Does the WKWYL optimization in make_shared<>() introduce a penalty for some multithreading applications?

Question

A few days ago I happened to watch this very interesting presentation by Stephan T. Lavavej, which mentions the "We Know Where You Live" optimization (sorry for using the acronym in the question title, SO warned me the question might have been closed otherwise), and this beautiful one by Herb Sutter on machine architecture.

Briefly, the "We Know Where You Live" optimization consists in placing the reference counters on the same memory block as the object which make_shared is creating, thus resulting in one single memory allocation rather than two and making shared_ptr more compact.

After summing up what I learnt from the two presentations above, however, I started to wonder whether the WKWYL optimization could not degrade performance in case shared_ptr is accessed by multiple threads running on different cores.

If the reference counters are close to the actual object in memory, in fact, they should be more likely to be fetched into the same cache line as the object itself. This in turn, if I got the lesson correctly, would make it more likely that threads will slow down while competing for the same cache line even when they do not need to.

Suppose one of the threads needs to update the reference counter several times (e.g. when copying the shared_ptr around), while the other ones just need to access the pointed object: isn't this going to slow down the execution of all threads by making them compete for the same cache line?
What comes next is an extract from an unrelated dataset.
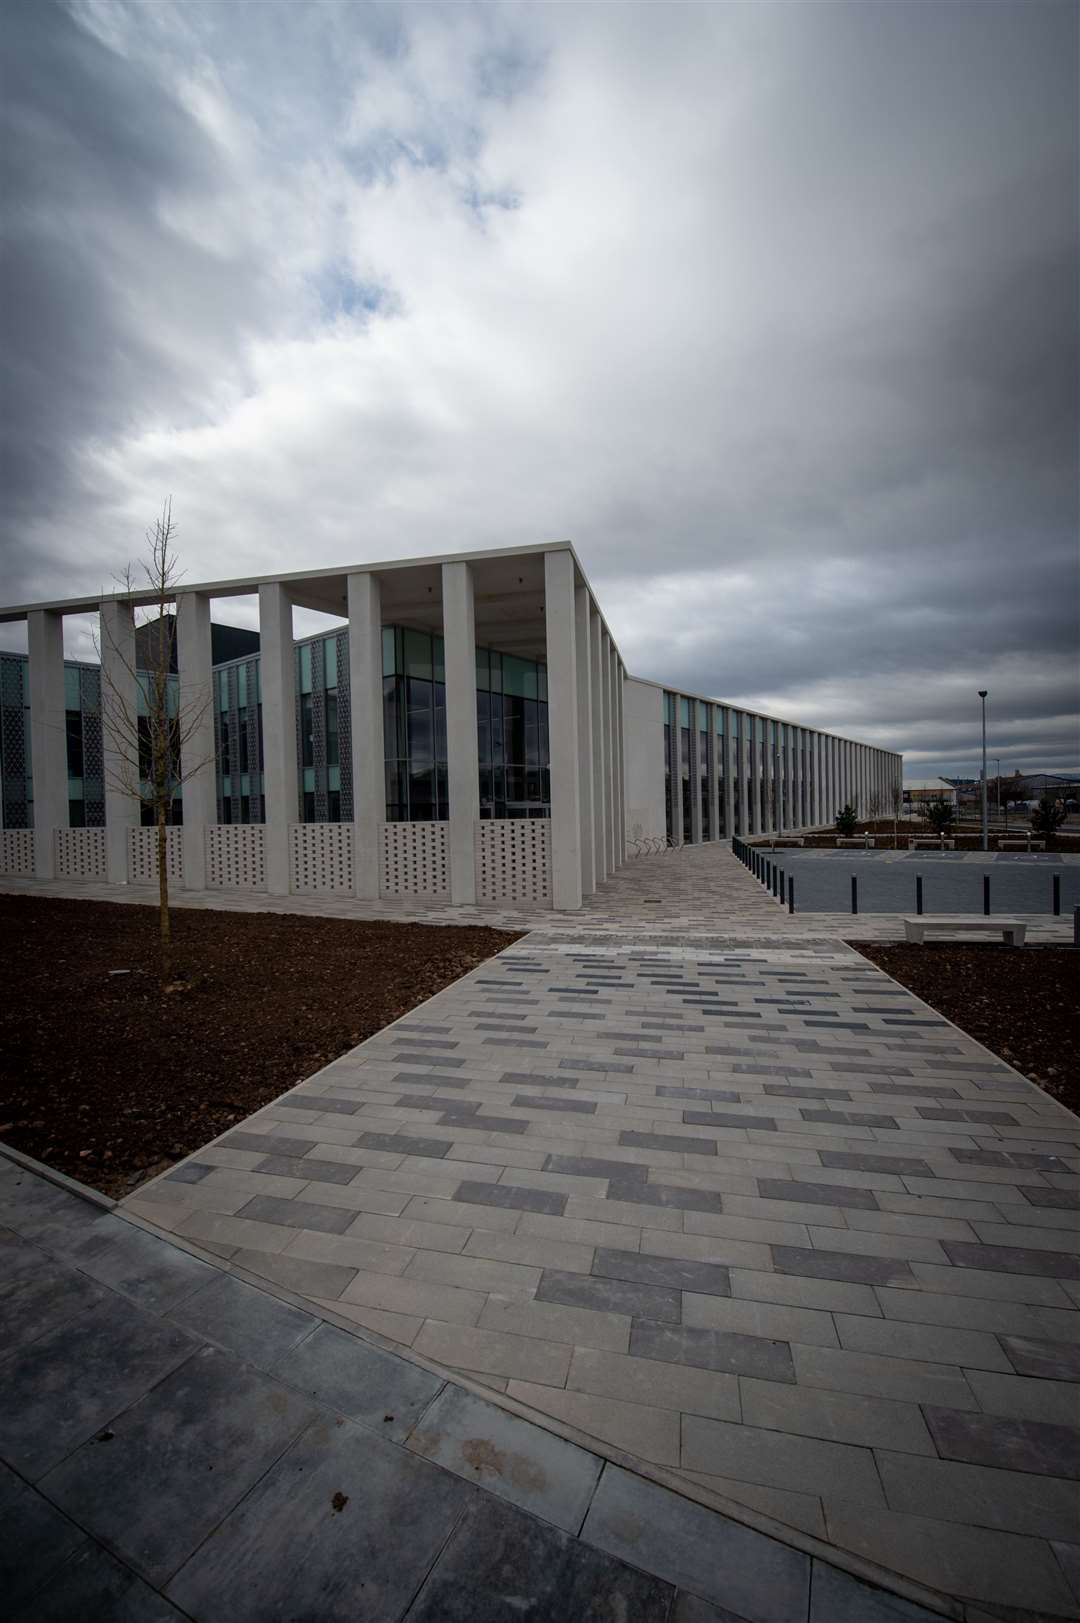 New Justice Centre in Inverness.

If the refcount lived somewhere else in memory, I would say contention would be less likely to arise.

Does this make a good argument against using make_shared() in similar cases (as long as it implements the WKWYL optimization, of course)? Or is there a fallacy in my reasoning?

Can you summarize what the "WKWYL" optimization is. It is not really a standard expression. In fact, it is so uncommon, this page is already on the front page of a search for it. :) — Andrew Tomazos, Jan 15 '13 at 16:30
@AndrewTomazosFathomlingCorps: it means "We Know Where You Live". basically, `make_shared()` places the reference counters in the same memory block as the object it creates. see slide 6 of the presentation by Stephan T. Lavavej I linked — Andy Prowl, Jan 15 '13 at 16:32
Is the alternative you are comparing to storing the reference count with the shared object - storing it in a second dynamically allocated block? If so you have avoided the false sharing issue, but have made a much worse double payment for a second dynamic allocation, which is order of magntitudes more expensive than a cache miss. — Andrew Tomazos, Jan 15 '13 at 16:36
@AndrewTomazosFathomlingCorps: yes, which is basically what happens when you do just `shared_ptr pA(new A(...))`. — Andy Prowl, Jan 15 '13 at 16:39
@AndrewTomazosFathomlingCorps: what do you mean by "have made a much worse double payment for a second dynamic allocation"? that happens only once, while accessing the object and copying the `shared_ptr` around may happen a million times. — Andy Prowl, Jan 15 '13 at 16:41
If you're copying around a shared_ptr a million times than it will be better to do manual memory management (have a single owner object holding a unique_ptr that covers the lifetime of the shared object). A shared_ptr has to do an atomic inc and dec when it updates its reference count, so the reference count cant use the caches anyway and is much slower to copy than a raw pointer (which is just an integer copy). — Andrew Tomazos, Jan 15 '13 at 16:45
@AndrewTomazosFathomlingCorps: it that is meant to be an answer to my question, then feel free to post it as an answer. I'll wait till I get some more and accept it if I find it the most convincing — Andy Prowl, Jan 15 '13 at 16:50
There's not necessarily a fallacy in your reasoning, but you have to consider the general use case. Constant access by multiple threads in your scenario is far less common use. Put another way, across all domains the optimization pays off, but maybe not on yours. — GManNickG, Jan 15 '13 at 16:51
@GManNickG: that's kind of the answer I expected. the guru advice seems to be "*always* use make_shared". I just wanted to know how often is "always". I understand there's also advantages on exception safety, but it might not be true that there is no trade-off choice to make — Andy Prowl, Jan 15 '13 at 16:55
When the guru says "*Always* do this young Padawan", he leaves it to you to discover the very rare exceptions. That's part of your training. — Bo Persson, Jan 15 '13 at 18:26
"Always do this" could be taken to mean, "always do it; then profile; then do whatever unspeakable things are necessary to get your code to run fast enough, ignoring the usual advice if necessary". — Steve Jessop, Jan 15 '13 at 18:28
I think, as Herb pointed out in an edit to an answer below, that "WKWYL" does not refer to allocating the control block and object at the same location, it refers to storing the object's address only once. All `make_shared` implementations allocate a single block, but Boost's and GCC's store the object's address once in the control block and once in the `shared_ptr`. MSVC's only stores it once, because it knows where it lives. So your question is about `make_shared` not about WKWYL. (It would be very easy to make that additional optimization in GCC's implementation, but I didn't think of it.) — Jonathan Wakely, Jan 15 '13 at 23:32
@JonathanWakely: thank you for pointing that out, makes it clearer - i am still learning so it's possible that i made some confusion — Andy Prowl, Jan 15 '13 at 23:40

Steve Jessop · Accepted Answer · 2013-01-16T10:08:14.380

If that's your usage pattern then sure, make_shared will result in "false sharing", which is the name I know for different threads using the same cache line even though they aren't accessing the same bytes.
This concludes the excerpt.